What the task asks -> Exact copies of the lines below are the goal; any images in them are dropped.

Recorded data ->
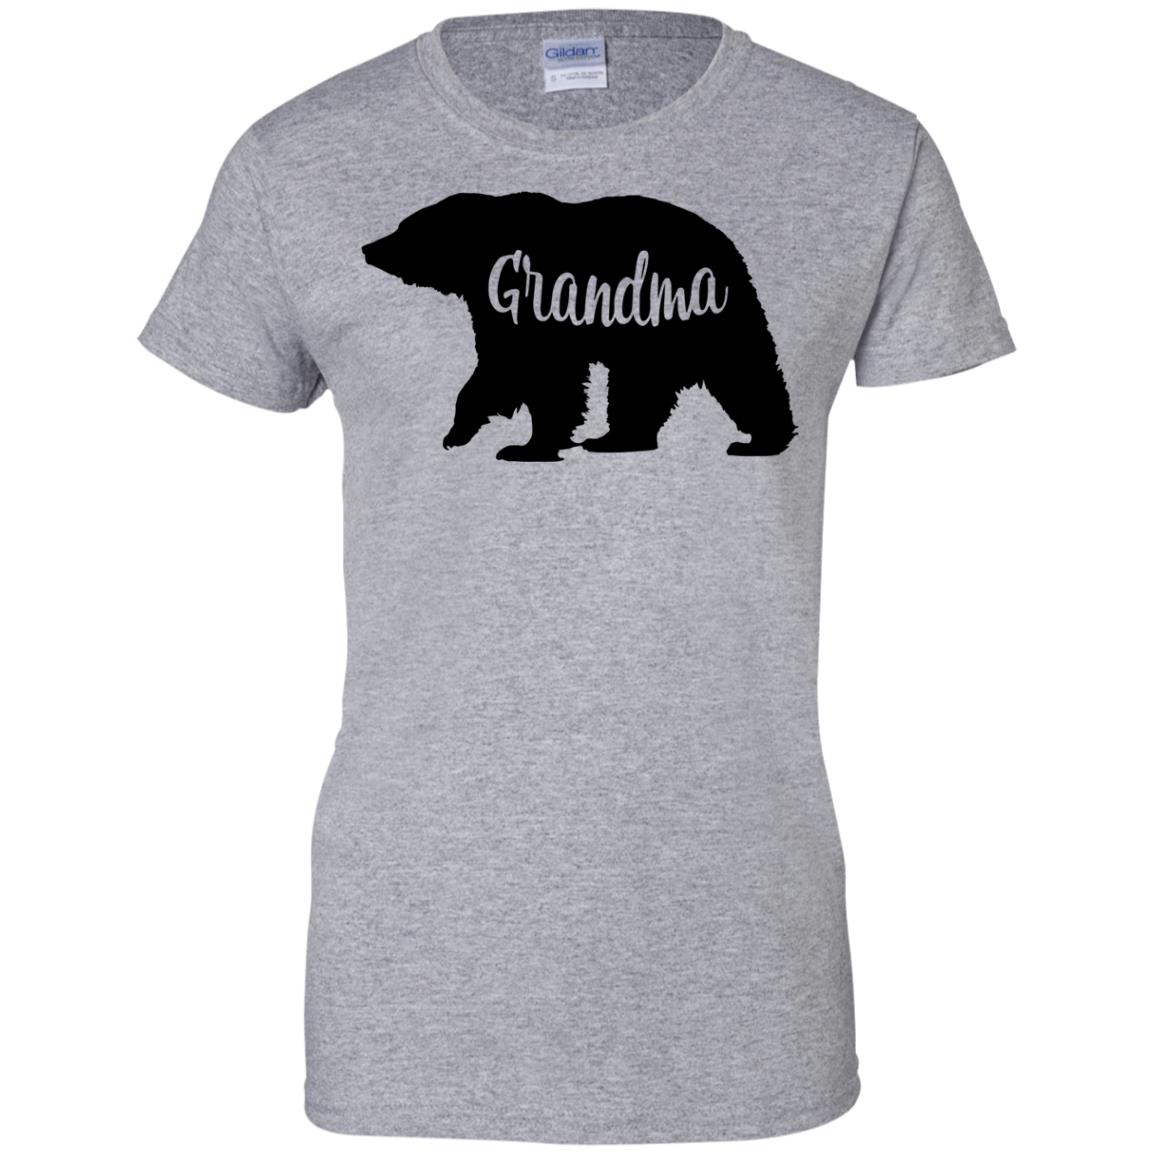 Grandma Bear Shirt - 10% Off - FavorMerch
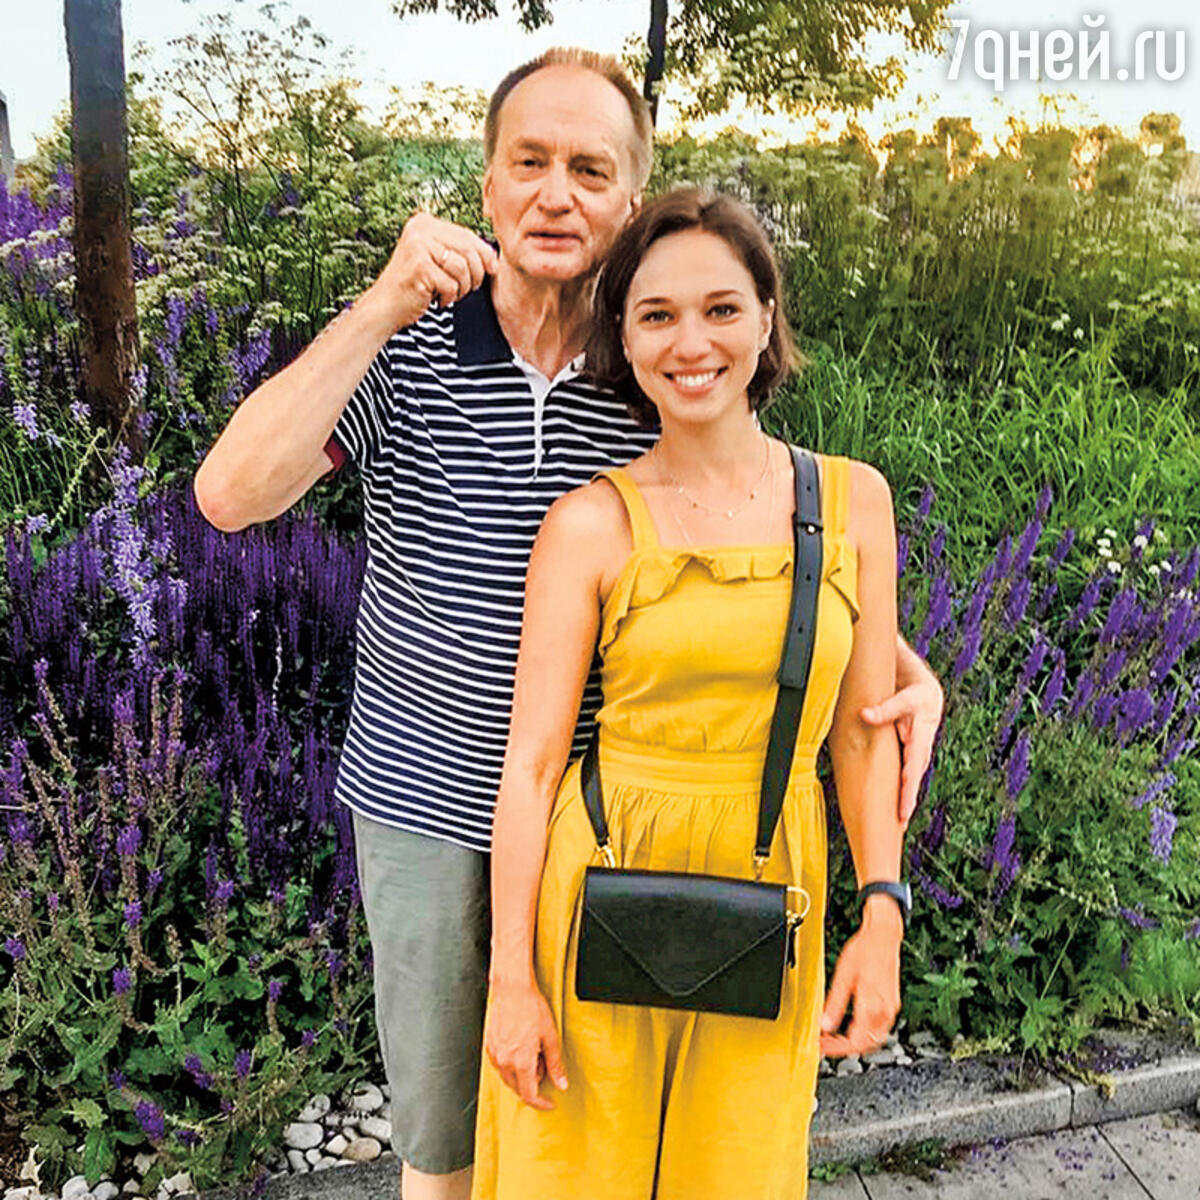 Ксения Теплова: «Будущий муж сразил меня своим напором» - 7Дней.ру
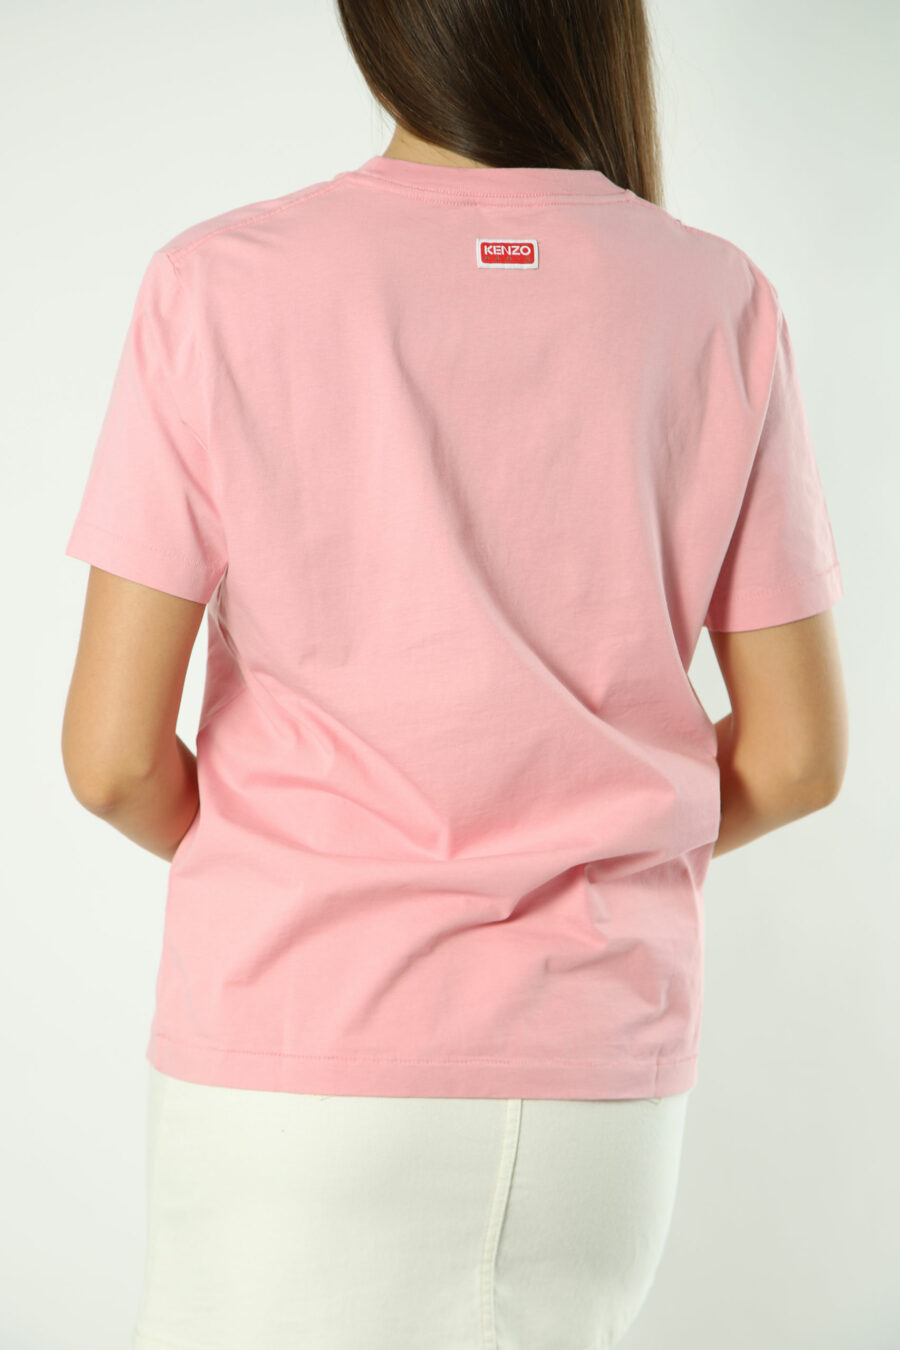 Camiseta rosa con maxilogo flor naranja - Photos 1404

Answer to this task ->
 Grandma Bear Shirt - 10% Off - FavorMerch
 Ксения Теплова: «Будущий муж сразил меня своим напором» - 7Дней.ру
 Camiseta rosa con maxilogo flor naranja - Photos 1404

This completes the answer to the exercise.